Quem viveu as primeiras Feiras do Livro de Porto Alegre sabe que a comparação com a de agora é anterior ao exercício de inutilidade. Para começar, a sineta do xerife é uma gravação. O que me leva à suspeita de não há quem saiba mais manejar o instrumento, que também servia para chamar o recreio ou o começo das aulas.
Ou então, a sineta se misturou com os fantasmas dos escritores do passado. Mas isso é picuinha, direis amantes das letras pretas em páginas brancas. De fato, o espírito da feira se perdeu como a sineta que não é mais badalada.
Nos anos 1950, eu voava o doce pássaro da juventude, Com suas asas, sai do interior especificamente para comprar um livro. Os livros sempre foram caros. Entretanto, na época fértil de títulos novos de ficção, tinham abatimento de 50%.

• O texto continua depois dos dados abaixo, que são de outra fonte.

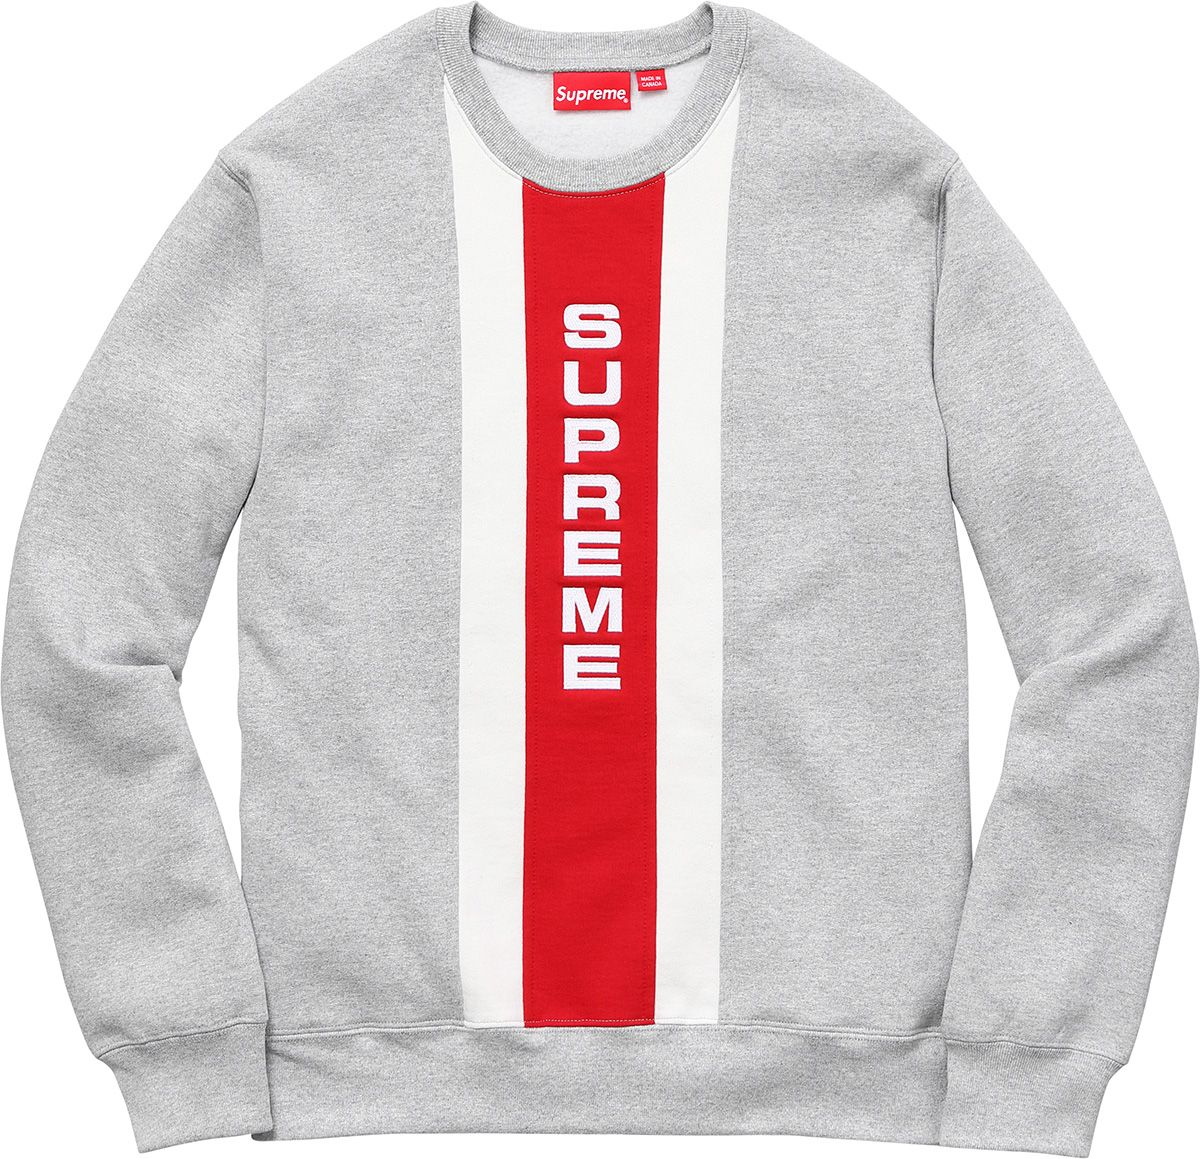 Supreme Vertical Logo Panel Crewneck Supreme Clothing Polo Design Hoodie Fashion [ 1159 x 1200 Pixel ]

Já os usados se comprava às dúzias, e não havia essa moda de obras de autoajuda. Como dizem os antigos, quem sabe faz e quem não sabe ensina. As barracas eram dispersas praça afora, um labirinto onde havia quase-colisões entre os ávidos leitores.

Mas eu havia colimado meu alvo, O Grande Circo, de Pierre Clostermann, um piloto francês que havia abatido 33 aviões alemães na II Guerra Mundial com seu caça Spitfire inglês. Um ás, com competência também para contar histórias de guerras, pessoas e aviões.
Não titubeei em gastar um dinheirinho dolorosamente poupado. Ainda deu para comprar um ou dois Jorge Amado, o mestre baiano, e Machado de Assis, outro que merecia ser mais lido.
As pessoas eram mais sensíveis para os prazeres da alma. Hoje, abunda a sensibilidade de uma retroescavadeira.
Com os volumes embaixo de cada sovaco, permiti-me olhar a paisagem. Logo adiante vi uma garota usando saia plissada. Linda a mais não ver.
Percebi que ela me olhava com o rabo do olho, esse periscópio lateral. Aleluia, pensei, eis uma feira de livros e meninas bonitas. Abrindo caminho me dirigi a ela, mas a perdi.
Naveguei pelo mar da esperança com a bússola apontando para uma saia plissada. Essa brincadeira durou uns bons 20 minutos, até que não vi mais nem a saia nem ela. Então cansei.
Confesso que lastimo a sorte madrasta. Em desespero visual percorri todas as bancas com olhos de farol de automóvel. Mas, realmente, ela tomou chá de sumiço. Ou se arrependeu, sabe-se lá.
Que coisa, vir de tão longe para se frustrar. Um amor possível que se transformou em impossível. Cá entre nós e Pierre Clostermann, amores eternos, como Romeu e Julieta, só são impossíveis quando não consumados. O amor é como a pluma, voa tão leve e tem a vida breve, precisa de vento sem parar, já cantava Vinicius Moraes.
Fui trotando até a Estação Rodoviária sobraçando minha nova biblioteca, ligeiramente temeroso que eles viessem ao chão. Eram meu consolo por ter perdido a menina que me encantou. Relembrando o episódio, lembro da música “Feitio de Oração”, do formidável Noel Rosa.
Quem acha
Vive se perdendo
Adiante, a letra fala na “dor tão cruel de uma paixão”. Bueno, não cheguei a tanto. Pelo menos eu tinha meus livros para um mês de leitura e releitura para esquecer a menina da saia plissada.